ASSIGNMENT: Would you output all the lines below precisely as they stand, leaving each picture out?
+++ EXERCISE DATA
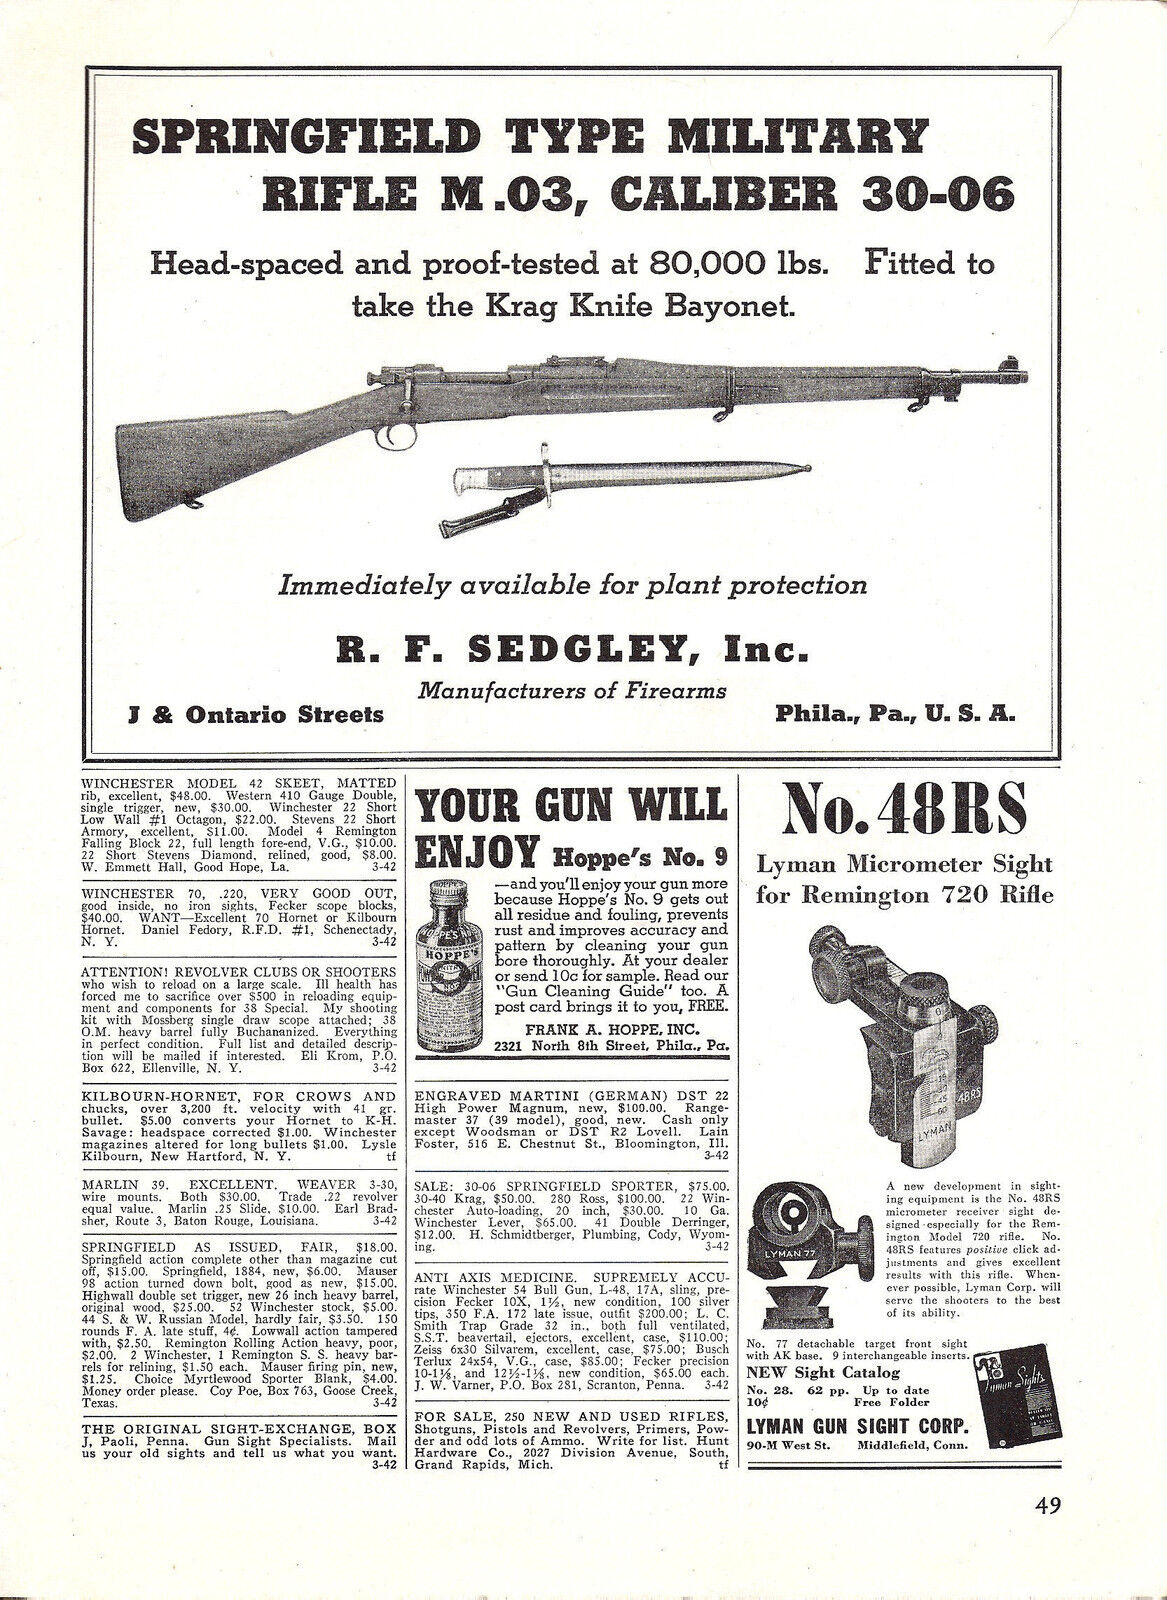 1942 WW II Springfield Type Military Rifle M.03 30-06 Rifle WWII WW2 PRINT AD
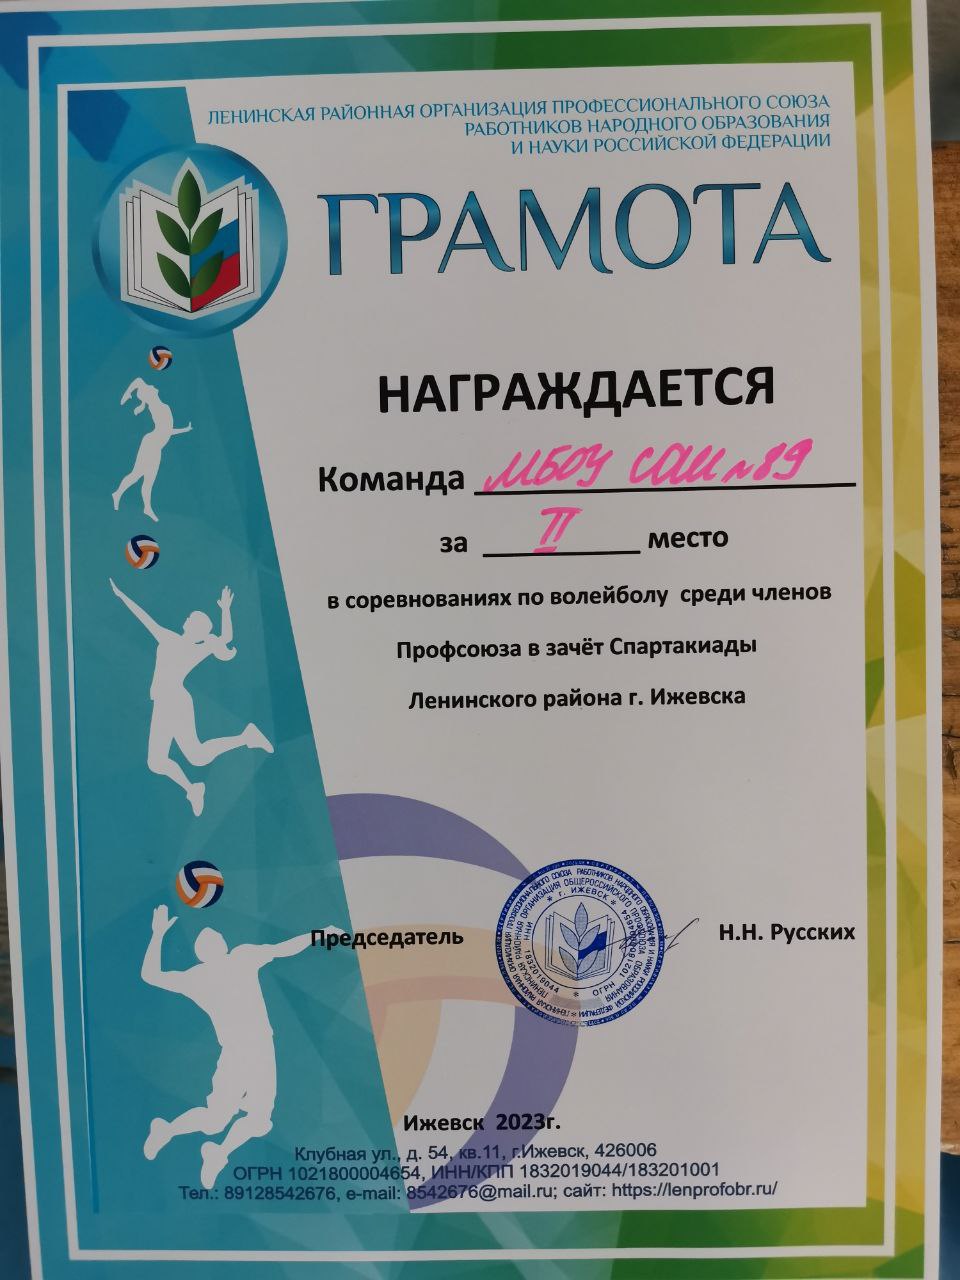 Соревнования по волейболу среди членов профсоюза в зачет Спартакиады Ленинского района.
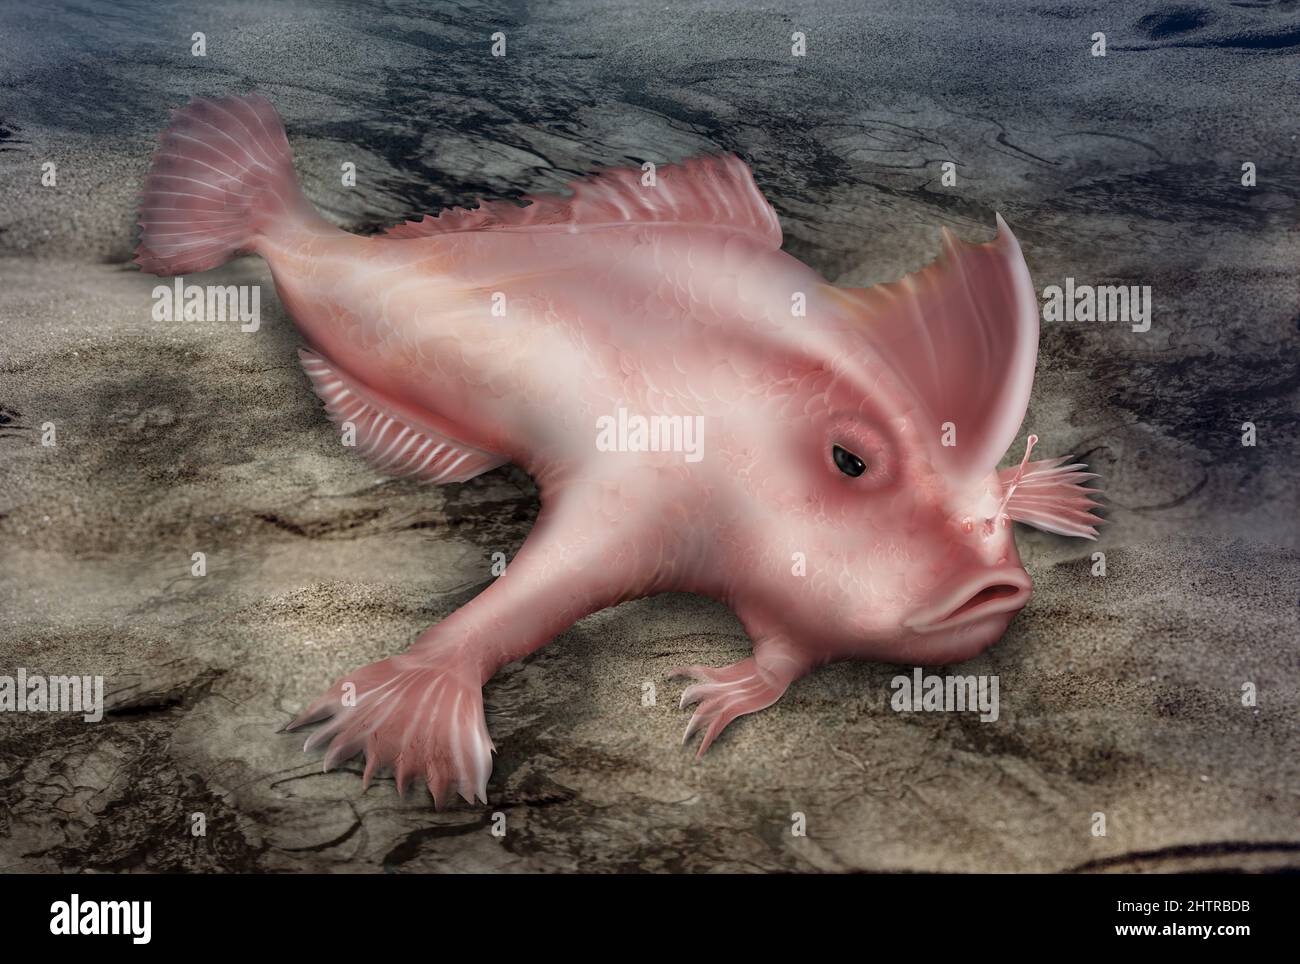 Pesce rosa immagini e fotografie stock ad alta risoluzione - Alamy
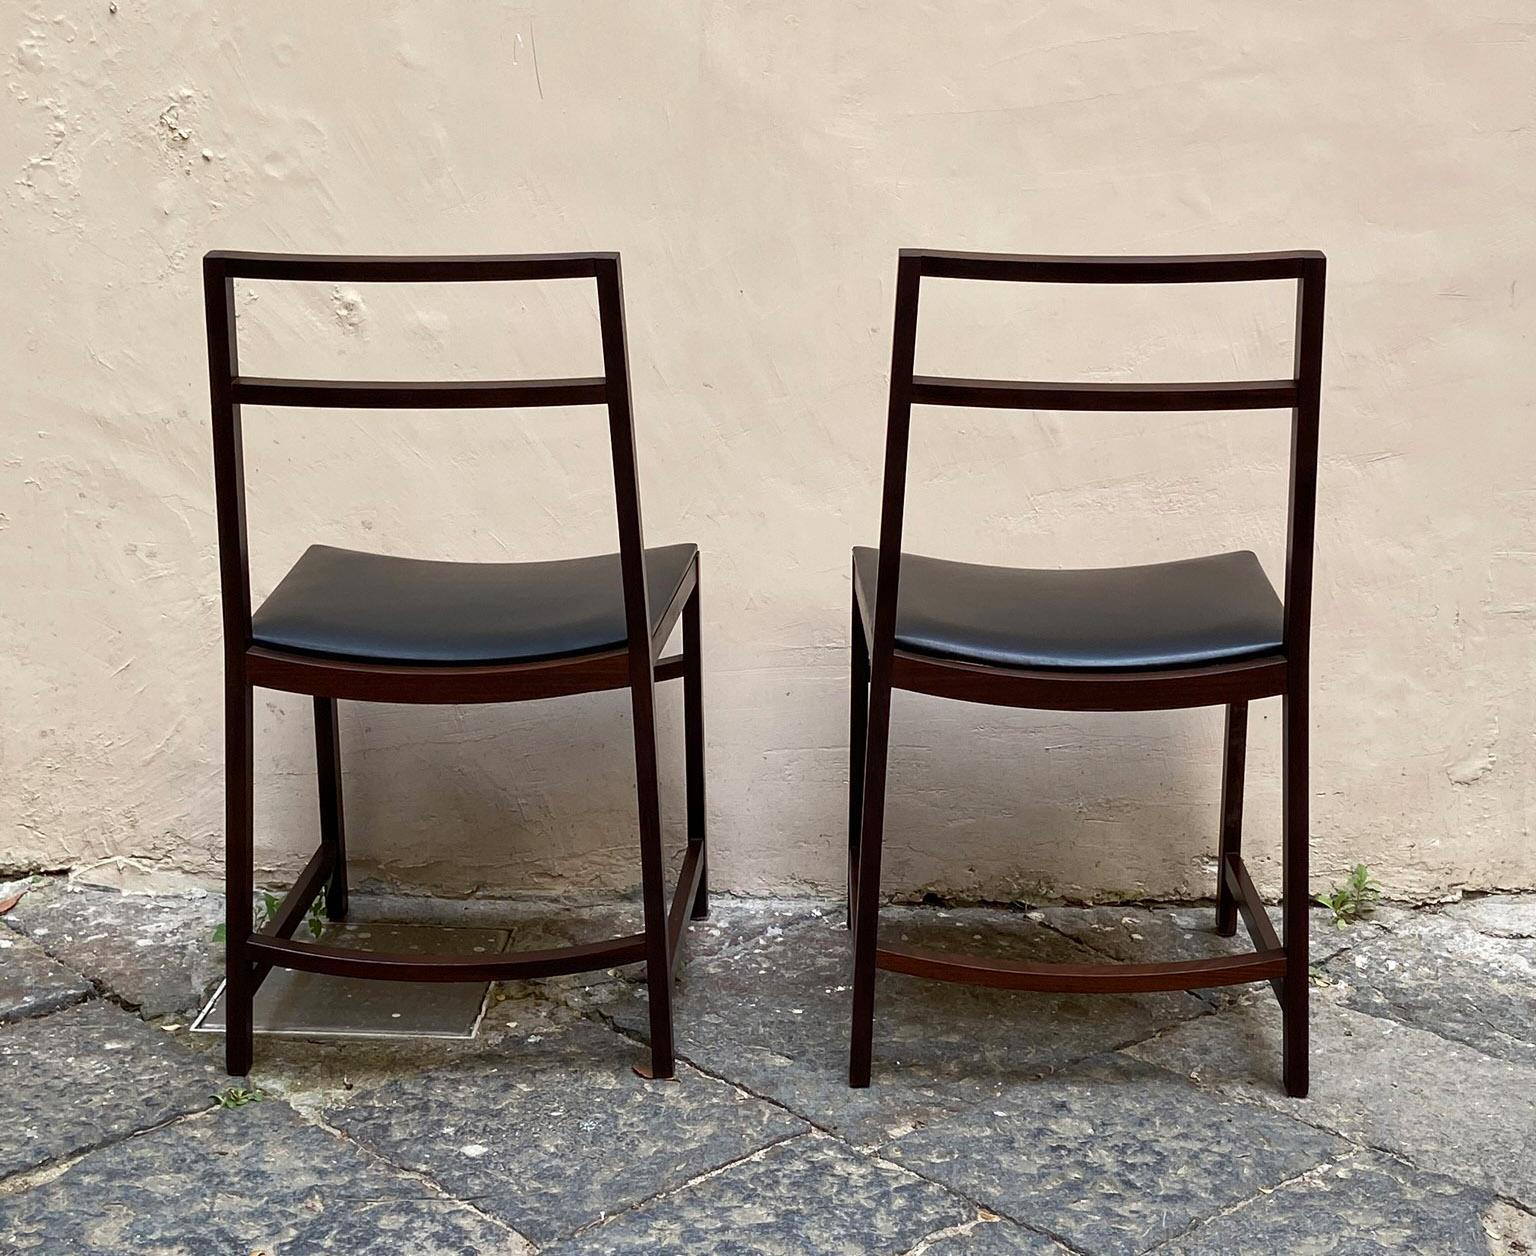 renato chairs
++++++
SOLUTION TO THE EXERCISE:
 1942 WW II Springfield Type Military Rifle M.03 30-06 Rifle WWII WW2 PRINT AD
 Соревнования по волейболу среди членов профсоюза в зачет Спартакиады Ленинского района.
 Pesce rosa immagini e fotografie stock ad alta risoluzione - Alamy
 renato chairs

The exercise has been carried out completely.